Set Image Reference to Relative Path

Sannyasin Brahmanathaswami brahma at hindu.org
Wed Apr 6 21:57:35 EDT 2016


 Jacque wrote:

It used to be that resources were copied into the same folder with the app executable. Then Apple changed the rules and disallowed resources like images and documents at that location. Instead, they had to go into  a "resources" folder, separate from the executable.

--
So if I read this correctly.. we should being this now, even locally, because the standalone builder is not auto generating a resource folder and moving files designated under "copy files" into such a folder. righ?

/app source  
/ myapp.livecode
/resources
img
data
scripts

otherwise it will fail? This may explain why my latest test build is not working on iPhone 9.3.1.  

I looked at the bundle and there is no resources folder created automatically by the Standalone Builder I'm seeing this (where the SAB, copied the three folders I designated to the top level  

/app source  
/ myapp.livecode
img
data
scripts


but, I am using  

function localPath
put specialFolderPath("Resources") into tPath
put "/" after tPath
return tPath
end localPath

My external behavior scripts work on desktop but not on mobile.
but the images are appearing...because we have a direct path but script only files are not being found because the iOS is looking for 
/resource/scripts

So that means in the future we need to create a folder "resources" and you a relative path like this

/resources/img
   tree.jpg

and also

/resources/script
   scroller.livecodescript

and assign the behavior to the object in the GUI from there?
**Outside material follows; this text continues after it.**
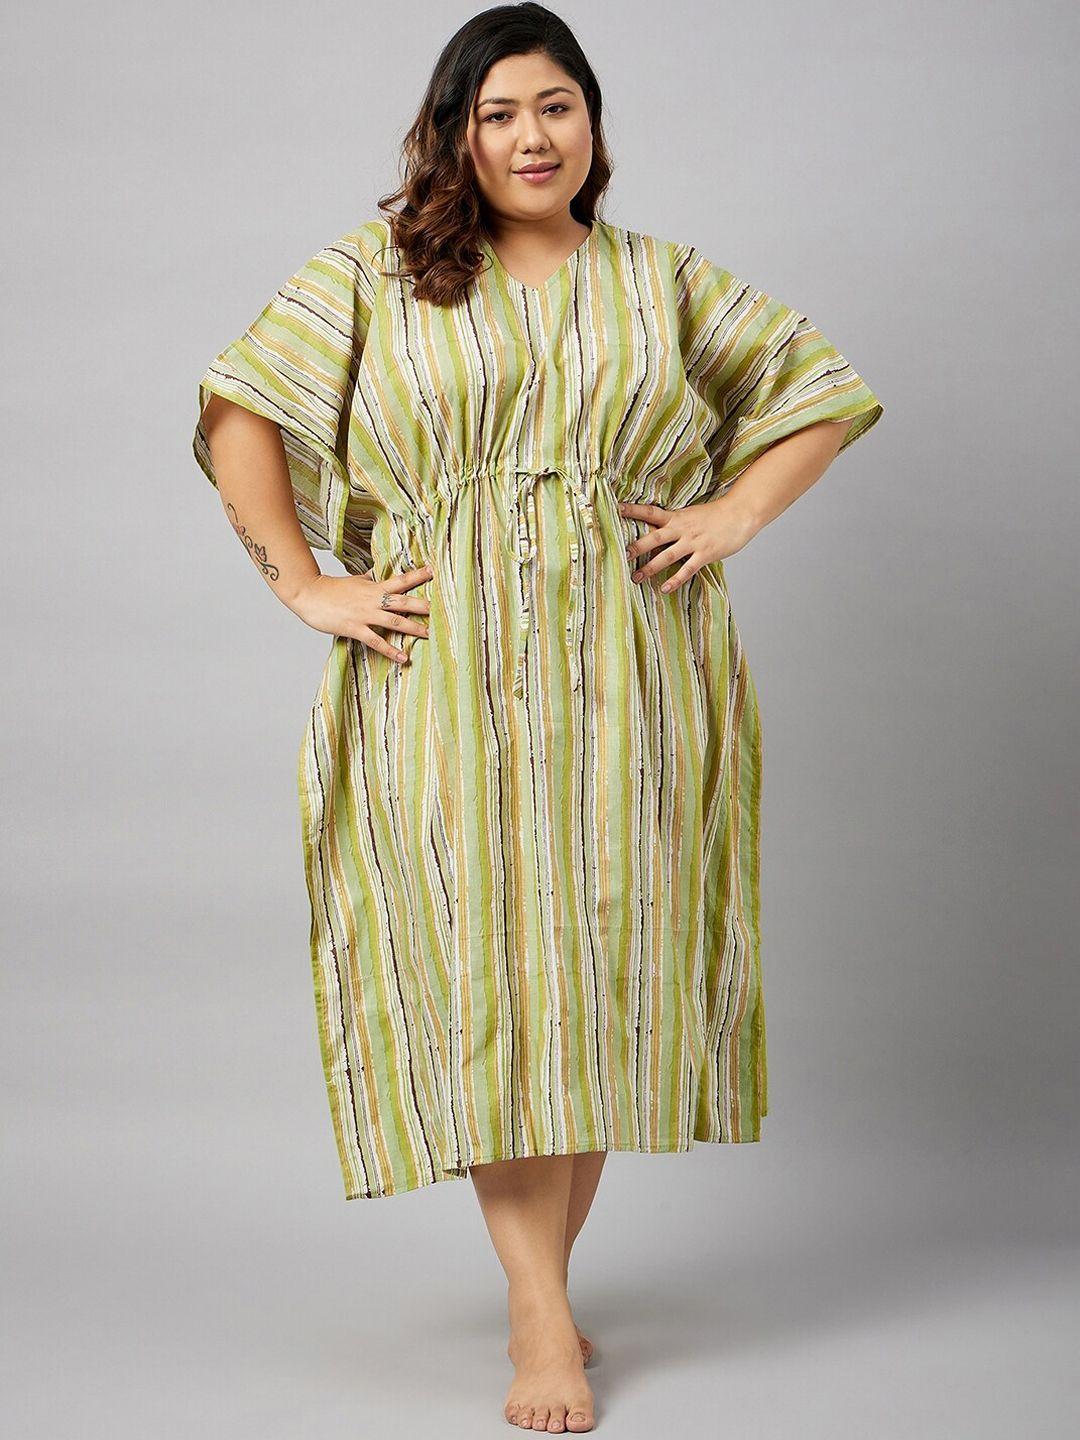 curves by zerokaata plus size striped pure cotton kaftan cover up dress

Good thing to know very early on... 




On April 3, 2016 at 8:01:20 PM, J. Landman Gay (jacque at hyperactivesw.com(mailto:jacque at hyperactivesw.com)) wrote:

> Relative paths have been around for a while and are pretty much  
> imperative for app distribution, since the user's filepaths won't be the  
> same as your development paths.  
>  
> It used to be that resources were copied into the same folder with the  
> app executable. Then Apple changed the rules and disallowed resources  
> like images and documents at that location. Instead, they had to go into  
> a "resources" folder, separate from the executable.  
>  
> To accomodate, LC now has a new-ish specialFolderPath("resources").  
> During development it points to the same folder as the mainstack you're  
> working on; after the app is built, it points to the "resources" folder  
> inside the app bundle. In scripts, build file paths to  
> specialFolderPath("resources") and the paths will always resolve  
> correctly before and after compiling. For image references use  
> "resources/imgname.png".  
>  
> To accomdate legacy script and image references, the LC engine  
> automatically translates any relative paths and redirects them to the  
> resources folder. On non-Apple systems this structure isn't strictly  
> required, but since it works everywhere, it's an easy way to be  
> consistent cross-platform.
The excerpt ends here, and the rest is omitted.